前回に引き続き、犬の鼻について。
「犬は息を『吸う』と同時に『吐く』ことが出来る」という。(前回の記事)
しかし、果たしてどのようなメカニズムでそれが可能なのかが分からずじまいであった。
今回はそのメカニズムをご紹介できる。
目次
犬の鼻の基本構造
左:正面からの絵。鼻翼(小鼻)は人間と違い、独特な形。
右:横からの絵。左右にスリット(開口部/切れ込み)がある。
「吸う」と「吐く」が同時にできる 仕組み
吸気の行き先
鼻から吸い込んだ空気は(吸気)、行き先が2つに分かれる。
ひとつは肺へ。
もうひとつは脳につながる嗅覚領域へ進む。
1回の吸気のうち、12%もの空気が嗅覚領域へ直行する。
スリットからの排気
犬の鼻の両側には、スリット(開口部)がある。
その両側のスリットから排気ができる。(空気を吐き出せる。)
吸った空気を両側のスリットから排気している間も、鼻の中にはニオイの分子が残ったまま。排気中もニオイを感知・分析していられる。

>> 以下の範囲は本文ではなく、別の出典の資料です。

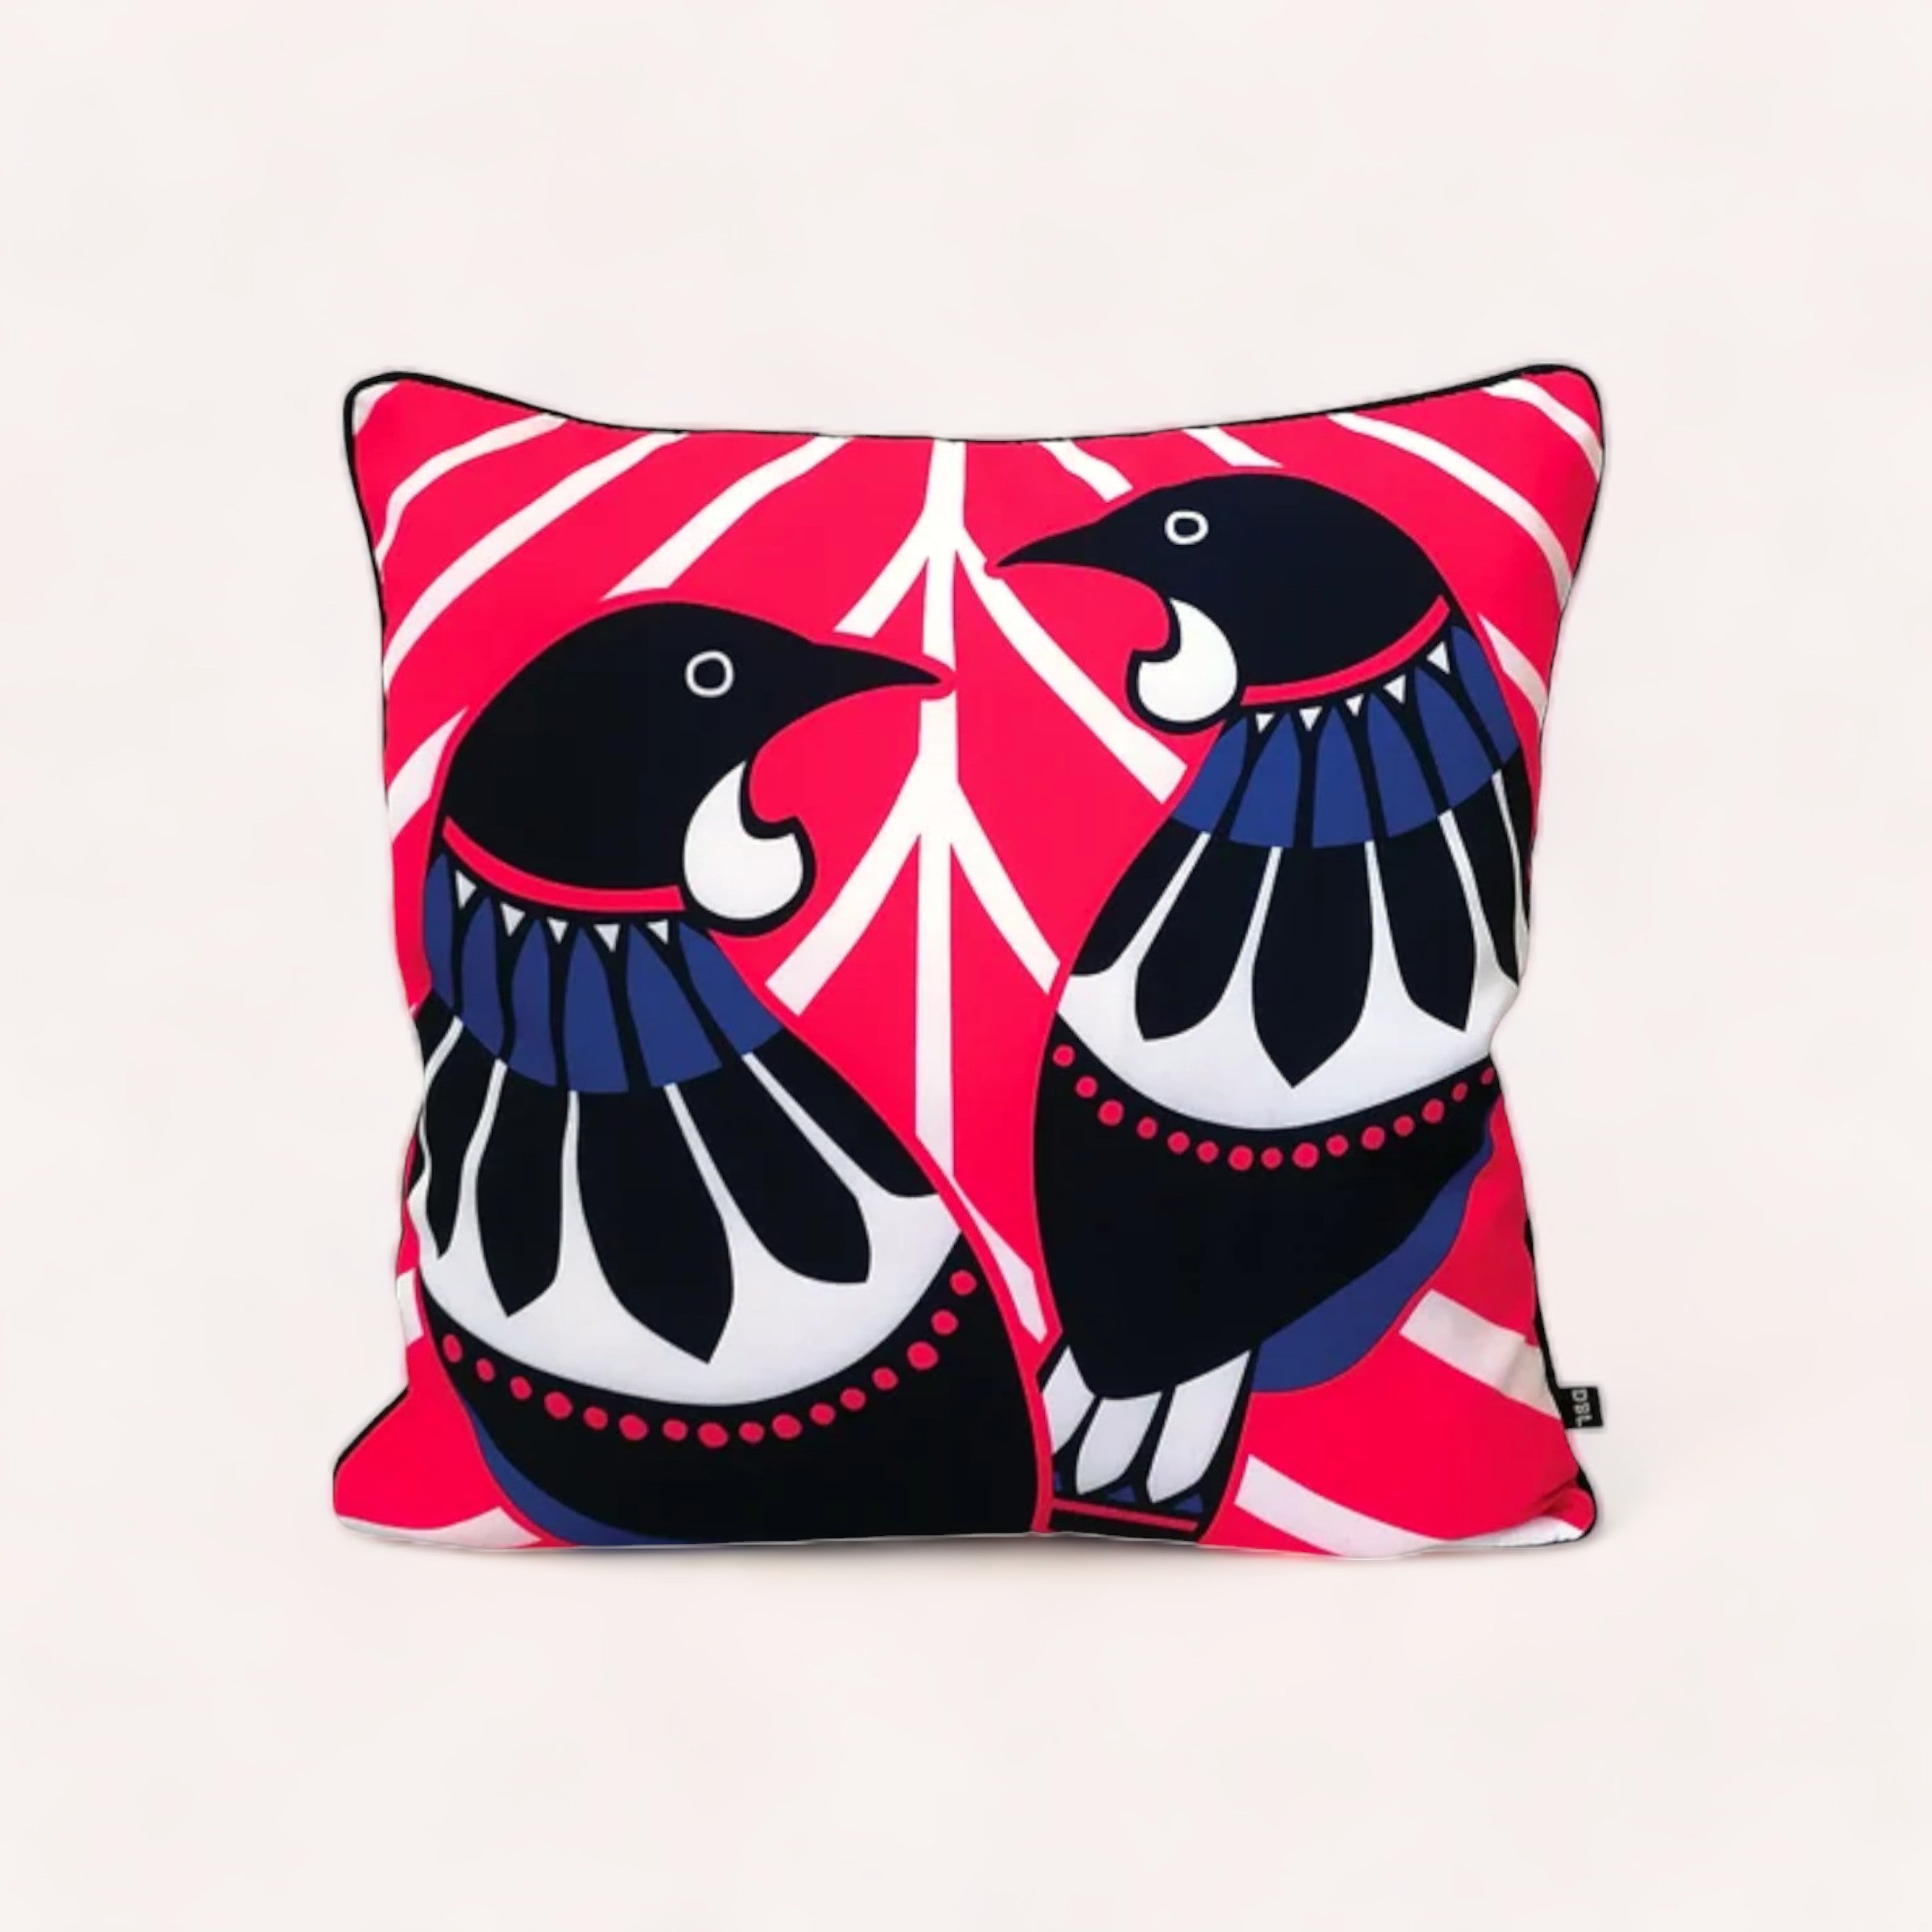 A vibrant Scandi Tui Cushion Cover crafted from canvas, featuring an abstract symmetrical pattern with two stylized NZ bird tui figures in black, white, and red against a pink background, highlighting its origin as a New Design by Leonard.

人間の場合は、排気のためのスリットはない。空気を吸った道と同じ道を通って排気する。
せっかく吸い込んだニオイ分子も一緒に出て行ってしまう。
排気が作る気流で効率アップ
スリットから出せる排気。ただ単に空気を排出しているだけではない。
なんとこの排気、空気の渦を作る。巻き上げられた空気は周囲のニオイを集める。
つまり排気が周囲のニオイ分子をかき集め、さらなるニオイを鼻に送り込むために役立つ。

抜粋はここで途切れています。